At Salone 2012: Werner Aisslinger Plants the Seed in Chair Farm

I contend that a purebred puppy with registered papers is much like a beautiful chair from a well-respected design company. It is going to be great and it will be as magnificent as you expect it to be, should no catastrophic events alter its demeanor. For the wonderful rescue dogs and mutts out there – with a dotted history of trauma or neglect – one must tell their story. I would equate their growth to that of the plantation chairs of Werner Aisslinger‘s Chair Farm that debuted at Salone this year.

Chair Farm. Designed by Werner Aisslinger.

Growing a Chair with Pure Green Motivation: The Chair Farm by Werner Aisslinger.

Presented as in the Instant Stories exhibition by DMY of eco-friendly, modern seating in an artful display that dives into the Chair Farm story, Werner Aisslinger captivated the Milan Furniture Fair audience in Ventura Lambrate. As described by Berlin-based Studio Aisslinger, “Amidst the platforms showing the latest in furniture design, a greenhouse is staged. Visitors are confronted with a gigantic box that gives the impression as if it has just fallen from heaven.”

Chair Farm. Designed by Werner Aisslinger.

Continuing, they write that “this laboratory-like stage setup promises to be as spectacular as watching a dinosaur hatch from its egg: A chair is born from a steel corset! The only difference to the egg-comparison is the fact that the shell of the “chair farm” prototype is inside the chair’s structure instead of being outside.”

Chair Farm. Designed by Werner Aisslinger.

Chair Farm. Designed by Werner Aisslinger.

“After the removal of the corset, a unique chair is revealed – truly singular, because nature cannot be programmed to deliver a certain result.” So just as a garden’s seeds take shape in distinct sizes and bearing varying fruits, the Chair Farm gives us a bit of organic indulgence that touches on design as well as the growing spirit that fascinates us.

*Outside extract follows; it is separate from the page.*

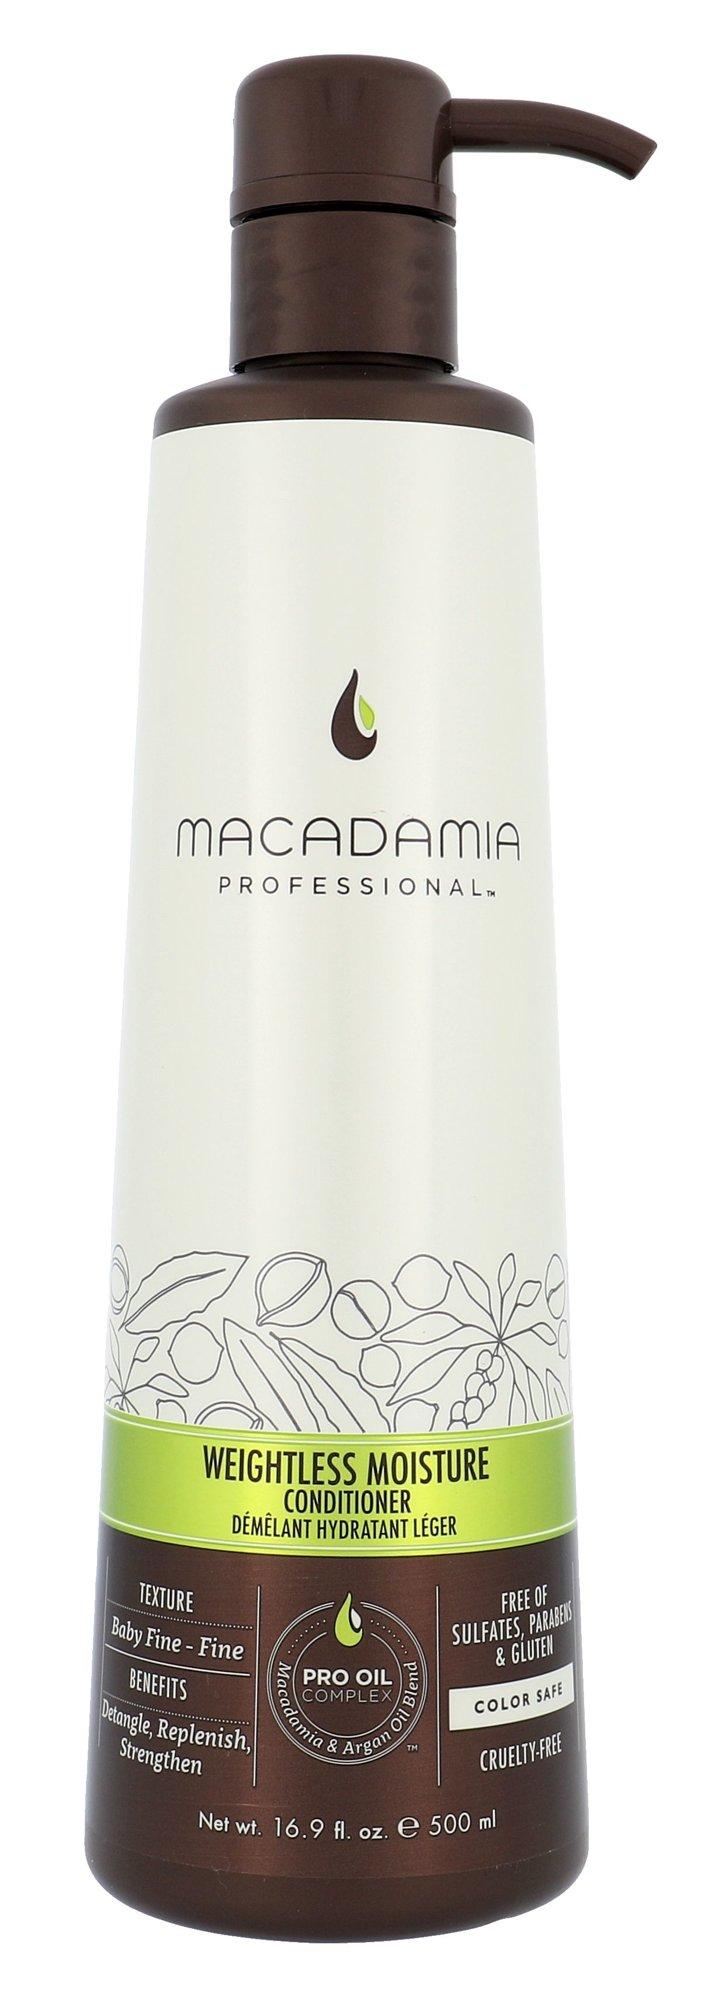 Macadamia Professional Weightless Moisture Cosmetic 500ml

About the Designer: Werner Aisslinger is a German designer whose plantation chairs of the Chair Farm are produced by no “classical sense of the word”. Experimentally approaching functional design, industrial design and architecture has brought Aisslinger great success since he began his journey. An example of his imagination would be his “Juli chair for Cappellini that included a new type of foam, polyurethane integral foam, that was the first piece of its kind. This chair would become the first German chair design to be selected as a permanent exhibit at the MoMA in New York since 1964.